Segment Open

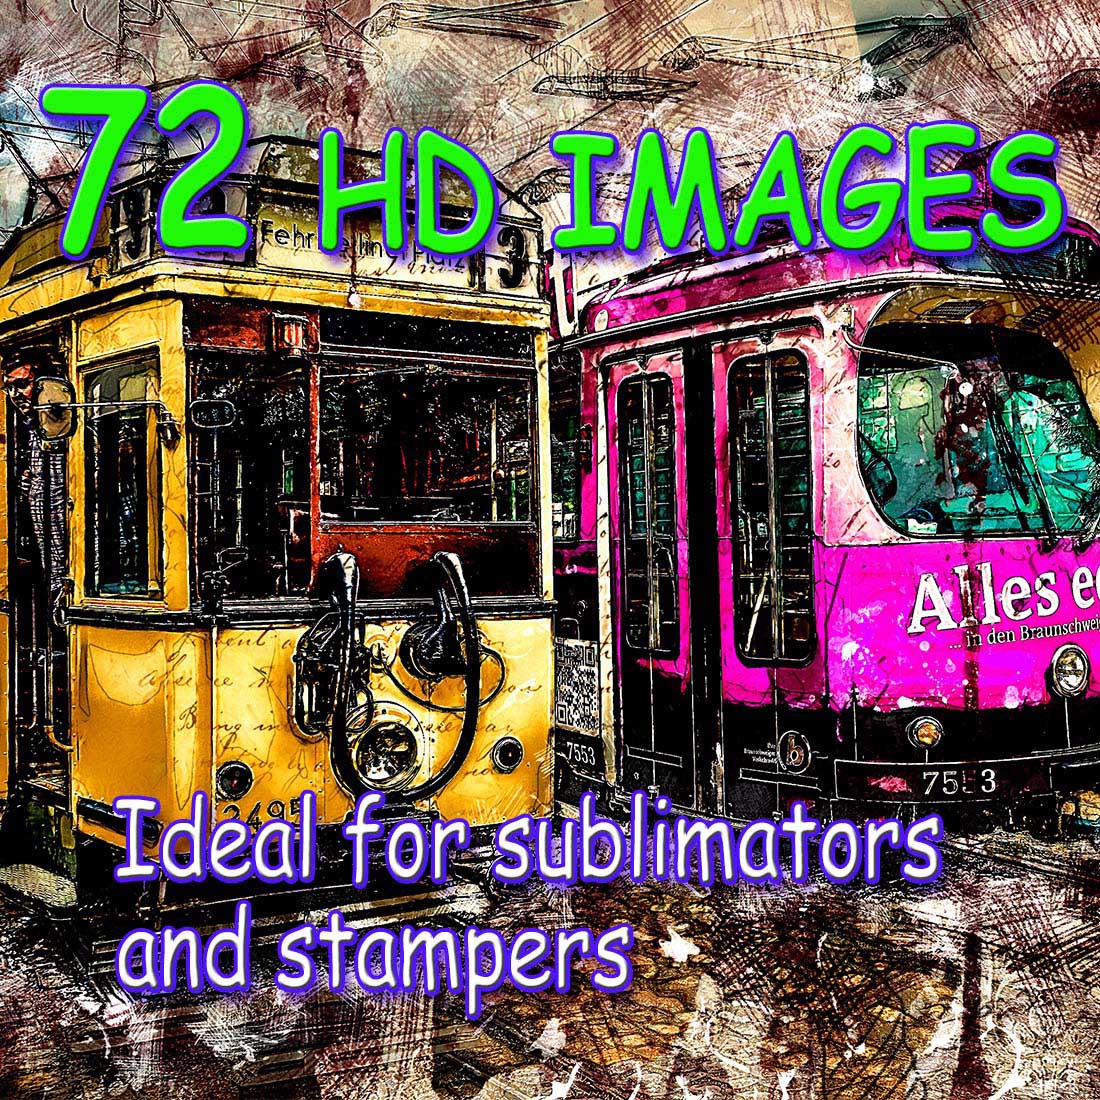 Bundle of 72 OLD TROLLEY CAR HQ Graphics Ready to Print with Grunge Style cover image.
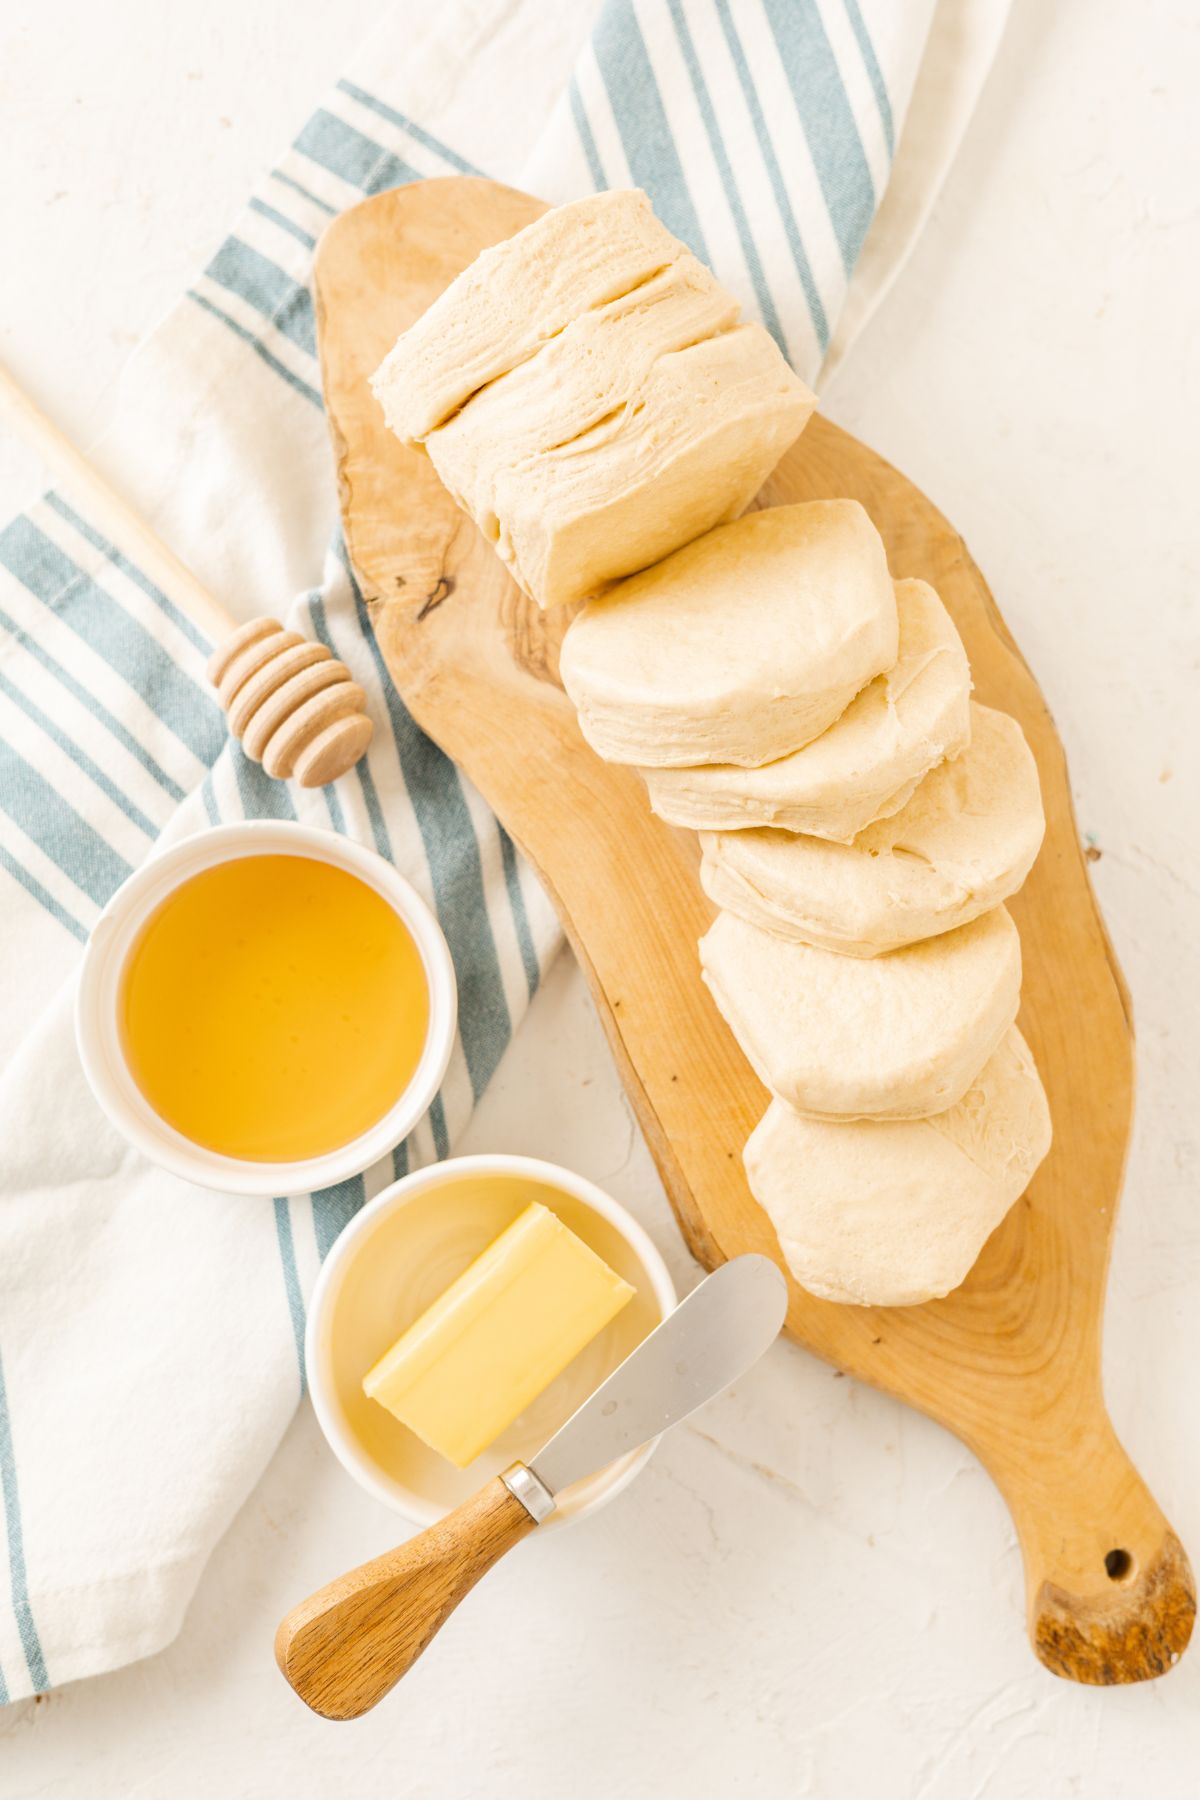 butter and honey on separate bowls and pillsbury grands biscuits on a wooden chopping board
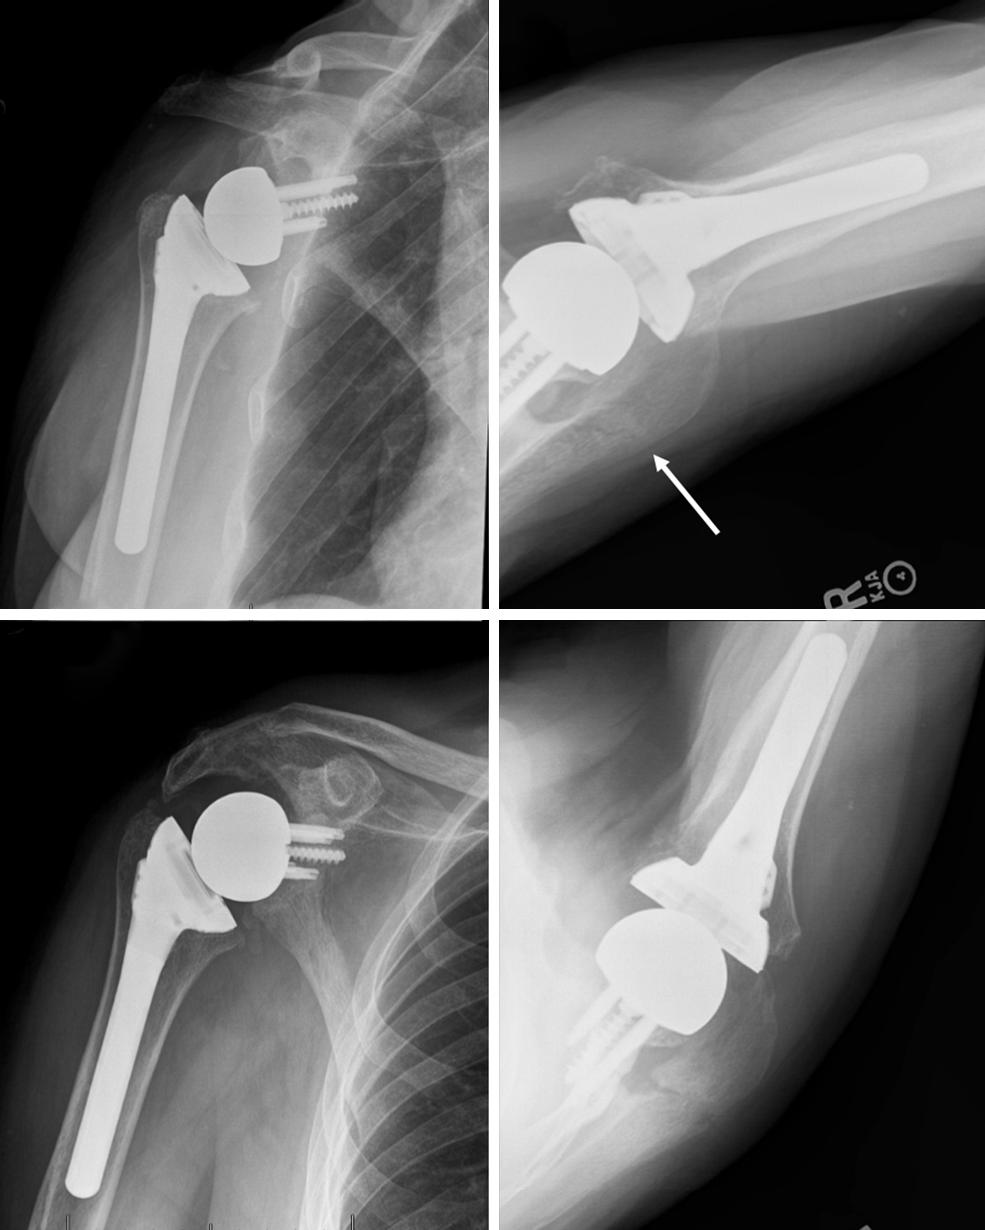 Annals of Joint, 2019 Page 3 of 8 A B A B C D C D Figure 1 Radiographs of an 80-year-old male who sustained Figure 2 A 52-year-old female with rheumatoid arthritis presented an acromial base fracture

Segment Closed

» **Required action**: Leave the pictures out and print the whole listing precisely.

» **Result of this exercise**:
 Bundle of 72 OLD TROLLEY CAR HQ Graphics Ready to Print with Grunge Style cover image.
 butter and honey on separate bowls and pillsbury grands biscuits on a wooden chopping board
 Annals of Joint, 2019 Page 3 of 8 A B A B C D C D Figure 1 Radiographs of an 80-year-old male who sustained Figure 2 A 52-year-old female with rheumatoid arthritis presented an acromial base fracture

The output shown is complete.